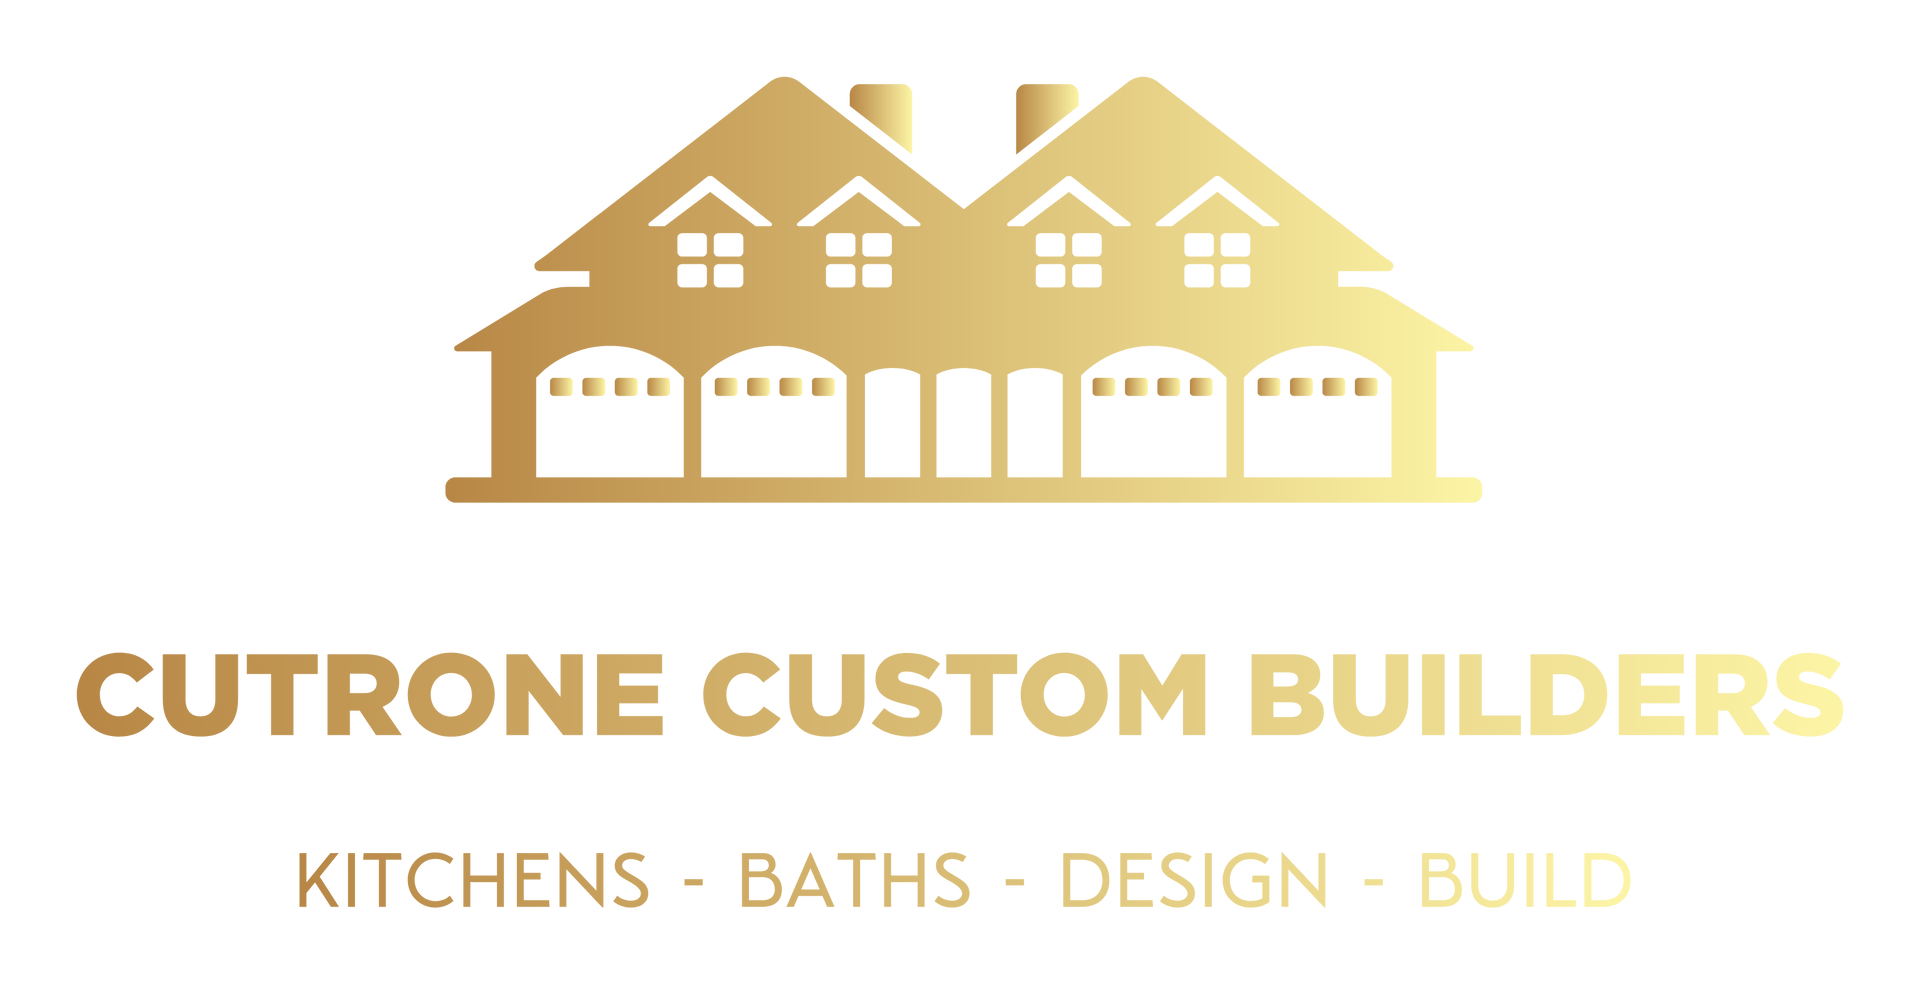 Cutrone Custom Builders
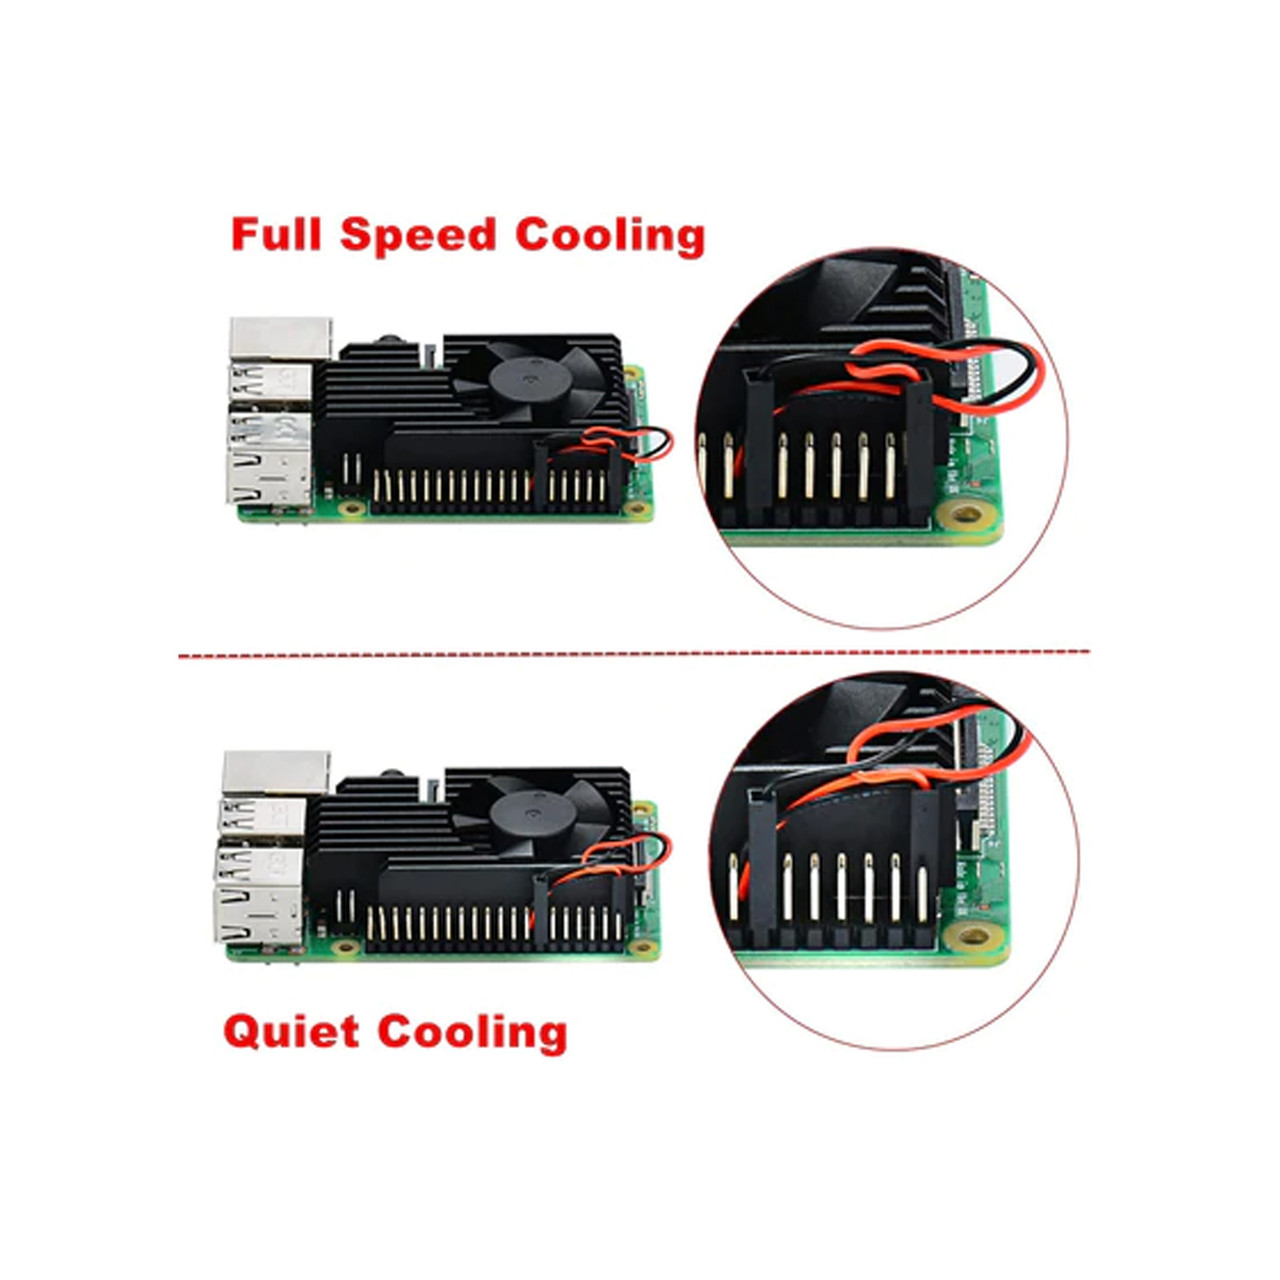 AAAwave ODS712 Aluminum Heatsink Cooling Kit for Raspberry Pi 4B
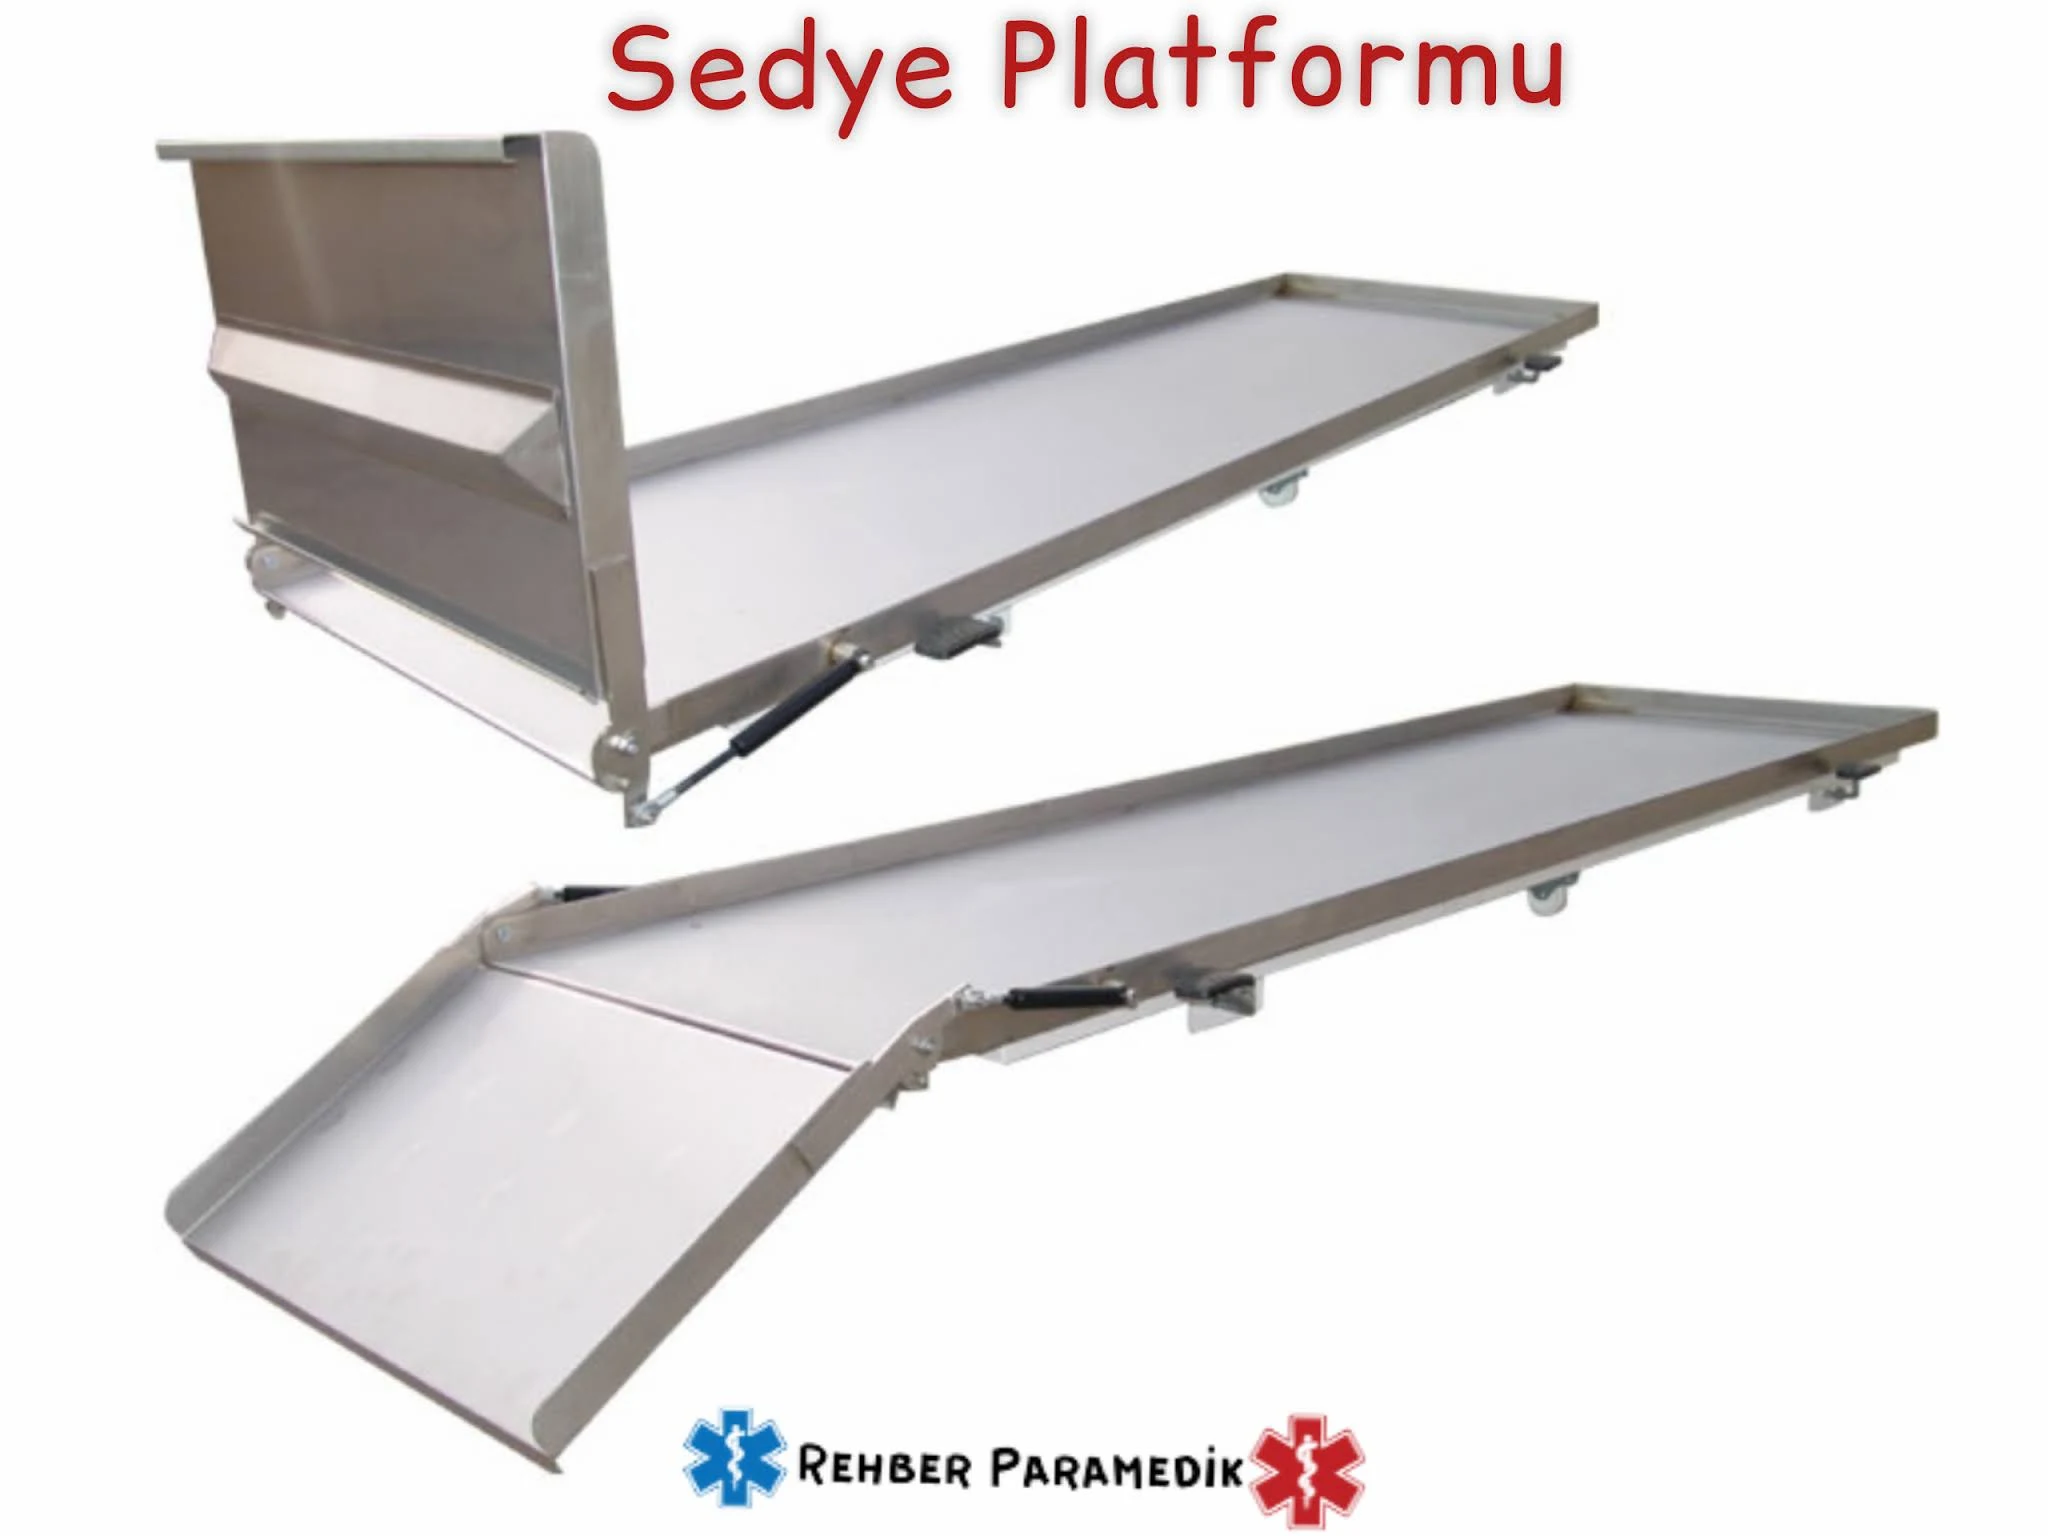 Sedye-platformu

-- ACTION ITEM --
Copy everything in the listing above exactly except the pictures.

-- EXERCISE OUTPUT --
 Cutrone Custom Builders
 AAAwave ODS712 Aluminum Heatsink Cooling Kit for Raspberry Pi 4B
 Sedye-platformu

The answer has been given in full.